I had proposed a civil society initiative to constitute a People’s Planning Commission as a possible check on wasteful expenditures of public money by the state in these pages (‘Taj Mahal and the Planning Commission’ March 25, 2016). The responses to the article suggest that readers agree with my critique of the existing Planning Commission, but are sceptical of the recommendation for civil society activism.
The reservations extend from questioning the very existence of civil society, pointing out its fragmentation to asking whether it has any way of choosing qualified individuals. These are legitimate questions, and given that I believe civil society activism to be virtually the only mechanism for moving forward in Pakistan, the onus of arguing the case is on me.
The concept of civil society is simple. Subtract from our universe the spheres of the state and the market, along with their associated organisations, and what we are left with is the sphere of civil society. The rationale for this division is that the state and the market have the power to take actions that impact the lives of members of civil society but the latter, as individuals, do not have the power to resist these actions if they are unjust, unfair or in any way detrimental to their welfare. Civil society activism is the attempt to make possible collective actions to protect or advance the interest of citizens. The vehicle for such actions are voluntary organisations that are non-state and not for profit.
As a citizen without power, I consider myself a member of civil society and the opinion I wrote was a manifestation of civil society activism, in that it proposed an action that would protect or advance the interests of citizens in a situation where I felt those interests were being jeopardised. In that sense, all citizens without state or market power, who advocate change, are activists of civil society.
As mentioned above, civil society activism at the level of the individual can suggest ideas for action, but it cannot be a substitute for the action itself, which requires collective effort. This brings us face to face with the reality that civil society is not a monolith with all members in agreement over what is to be done or how. On the contrary, civil society is fragmented with many interest groups, often acting at cross-purposes. To add to the complication, civil society actions can also be malevolent, dishonest and detrimental to welfare.

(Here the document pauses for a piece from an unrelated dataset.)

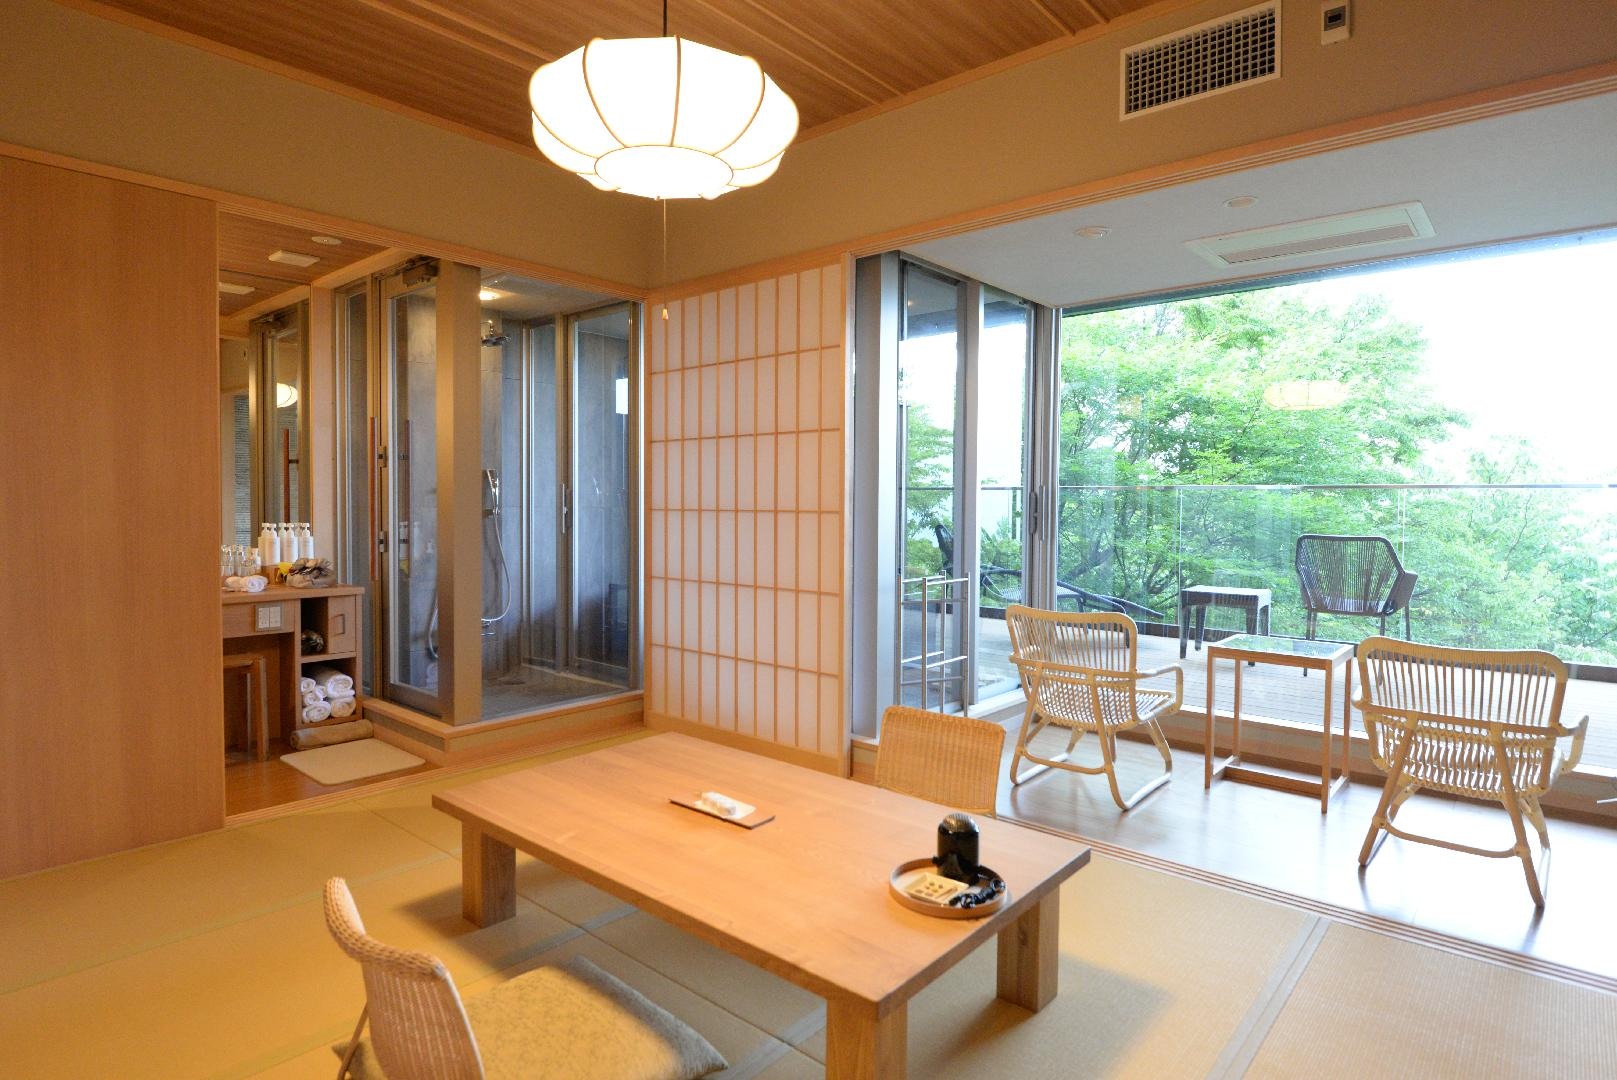 일본식 객실 10 다다미 넓은 인연 + 자연원 전망 덱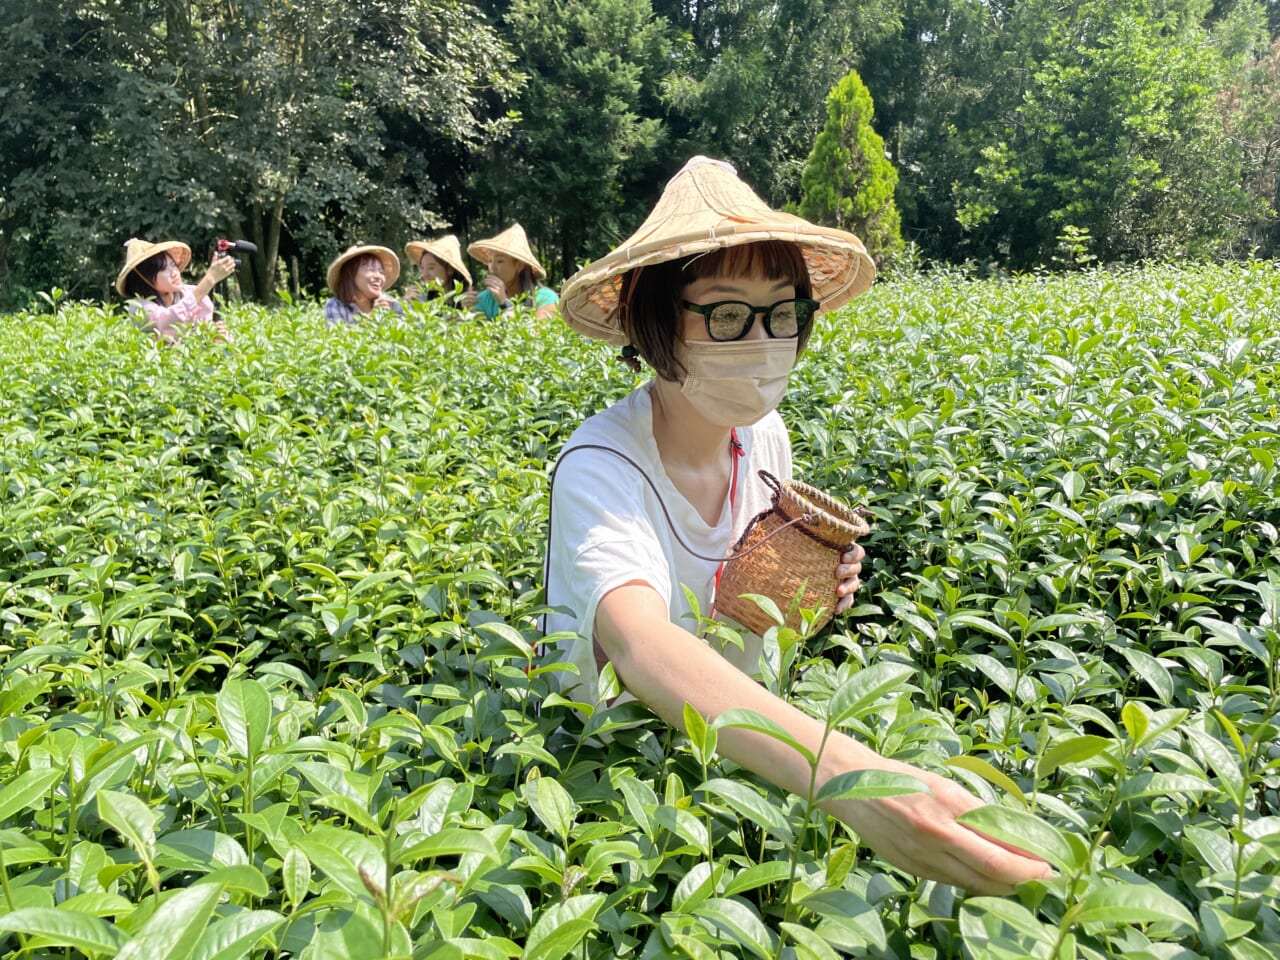 茶葉は「金萱茶」という台湾で生まれたミルキーな香りのお茶。ちょうどいま私が気に入ってるお茶も、金萱茶を紅茶のように重発酵させたものだったので、親近感が溢れ出し、張り切って三角帽子を被る。東龍製茶の若夫婦が始めた、山中茶學の体験コースです。

It is not this complexity that is surprising; rather, it is the expectation that civil society can be anything but otherwise and the conclusion that this complexity renders civil society completely ineffective. The real world incorporates a political process, in which many competitive interests are at play. In such a process, the choice is not between doing nothing and conjuring up some mythical, united countervailing power. The choice is between passive acceptance and engagement; between being silent spectators and raising a voice, and then strengthening the effectiveness of that voice. This is hardly a choice, even when the odds appear insurmountable at the outset – the battle is surely lost without an engaged citizenry.
The argument that civil society has no way of nominating or selecting individuals to represent its interests is also based on a misleading conception. Civil society is not a political party that has to hold nationwide elections or choose from a list of all eligible candidates; rather, civil society activism involves the coming together of a sufficient number of concerned individuals to contribute a countervailing voice in the political process and in the realm of ideas.
Some examples should both clarify and put to rest these concerns. The number of effective citizen watchdog groups in the US is an obvious starting point. A number of truth and reconciliation commissions have been formed through civil society activism and the Vietnam War Crimes Tribunal, initiated by Bertrand Russell, was a powerful intervention that challenged the narrative of the state. In India, the People’s Union for Civil Liberties has long been a credible voice. In Pakistan, one can credit the slow and continuous pressure exerted by a coalition of women’s groups to reverse the negative legacies of the Zia era and to push through new legislation.
For those who continue to doubt, the most stunning recent example has been the success of civil groups lobbying for same-sex marriage across the globe. The objective seemed unattainable, yet the relative speed with which the tide turned is testimony to the power of civil society, irrespective of how one might view the action itself.
With this background, the way forward for those wanting to establish a public watchdog in Pakistan should be quite clear. All it requires is for five individuals with professional competence and recognition to announce their availability. From there on, it would be a patient struggle, using right-to-information provisions, public interest litigation, people’s tribunals for specific issues and a broad educational and support mobilisation campaign. All this may appear daunting, but nothing ever comes easily and all journeys begin with a small and seemingly inconsequential step.